RDC – Télécoms : Al Kitenge propose la migration vers le paiement électronique pour stabiliser le Franc Congolais face au dollar américain

Comme toute autre denrée, le tarif des crédits ou forfaits téléphoniques varie selon la dépréciation ou l’appréciation du franc congolais face au dollar américain. Actuellement à Kinshasa (RDC), le tarif de cette denrée produite par les sociétés de télécommunication (Africell RDC, Airtel RDC, Orange RDC et Vodacom Congo) varie entre 1600fc et 2200fc pour 100 unités. Cela dépend d’un revendeur à un autre. Une situation qui dure depuis que la monnaie nationale rd-congolaise s’est dépréciée face à la célèbre monnaie américaine.

Hormis le secteur des télécoms, plusieurs autres secteurs de la vie quotidienne dansent au rythme du dollar américain. Auprès des opérateurs de télécommunication, les tarifs se traduisent en unité. De ce fait, le prix de leurs unité est fixé en dollar. « On sous-entend simplement que pour eux, le prix ne change pas du tout, il est d’un dollar. A partir du moment où c’est comme ça, quel que soit le changement de la parité entre le franc congolais et le dollar, rien ne change», explique l’économiste et stratège rd-congolais, Al Kitenge.

Et de rajouter : « Si vous observez le taux d’intérêt que ces télécoms appliquent lorsque vous achetez les crédits téléphoniques sur leurs plateformes électroniques, vous vous rendez bien compte qu’ils ont un taux d’échange supérieur celui de la rue. A mon avis, c’est un des secteurs qui polluent le marché en termes de réglementation d’échange. Le taux d’échange qu’ils appliquent est largement supérieur que ce qu’on peut retrouver dans les banques et dans la rue ».

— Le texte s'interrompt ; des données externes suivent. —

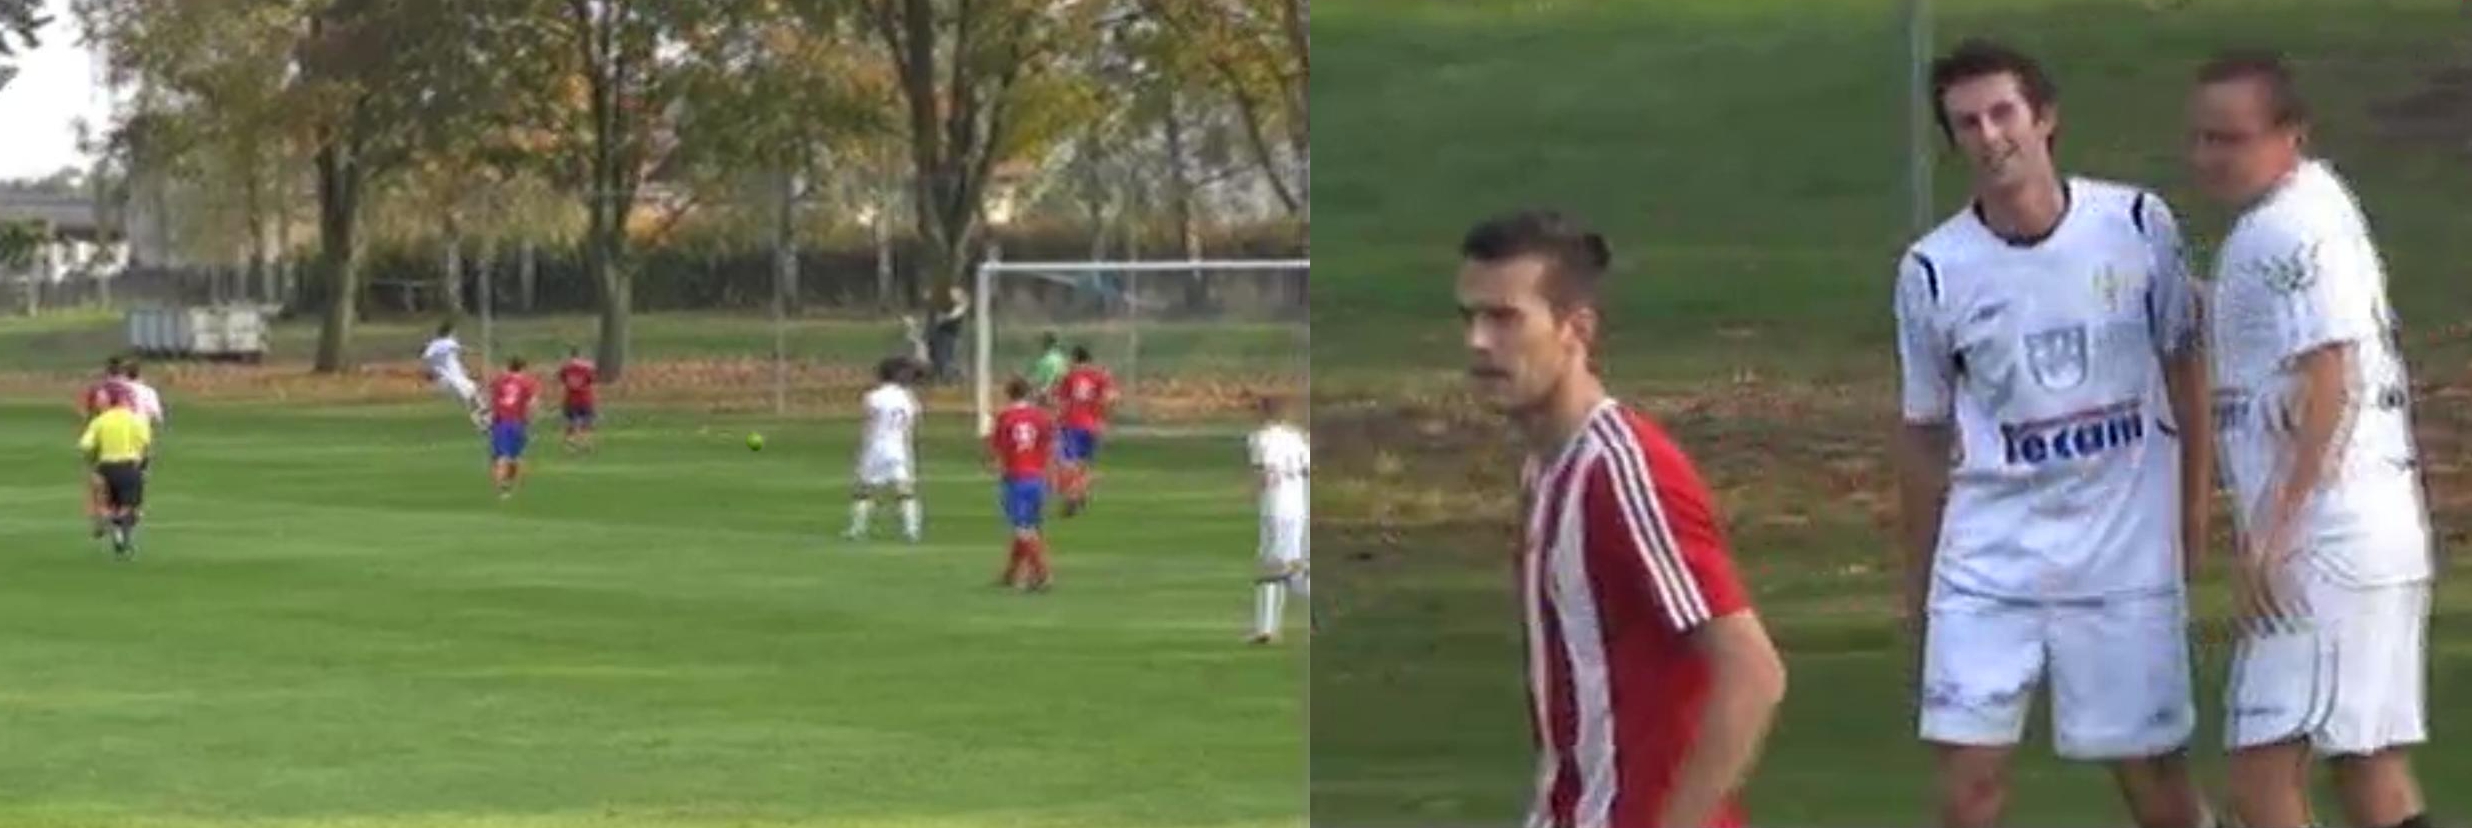 KP Sokol Kratonohy - FK Jaroměř 18.10.2014, foto z videa.

Pour l’économiste Al Kitenge, il est important que l’Etat rd-congolais et la banque centrale s’engagent immédiatement pour une nation sans cash en allant vers le paiement électronique, car, dit-il, le cash en Rd-Congo a marginalisé le franc congolais.

Par ailleurs, le déficit de la Rd-C dans le domaine électronique ne touche pas seulement la monnaie nationale. La pandémie du coronavirus à mis à nu, la pente que connaît le pays dans le secteur numérique.

« Mais aujourd’hui, il est important reconnaître que cette crise du coronavirus nous démontre clairement qu’il est temps que nous engagions notre transformation numérique, aussi bien dans le secteur public que dans le secteur privé. Et l’une des choses qui peut être très bien et qui peut être faite immédiatement, c’est de créer une nation sans cash. Et cela va créer de l’espace pour le franc congolais par rapport à la domination du dollar américain », a conclu Al Kitenge.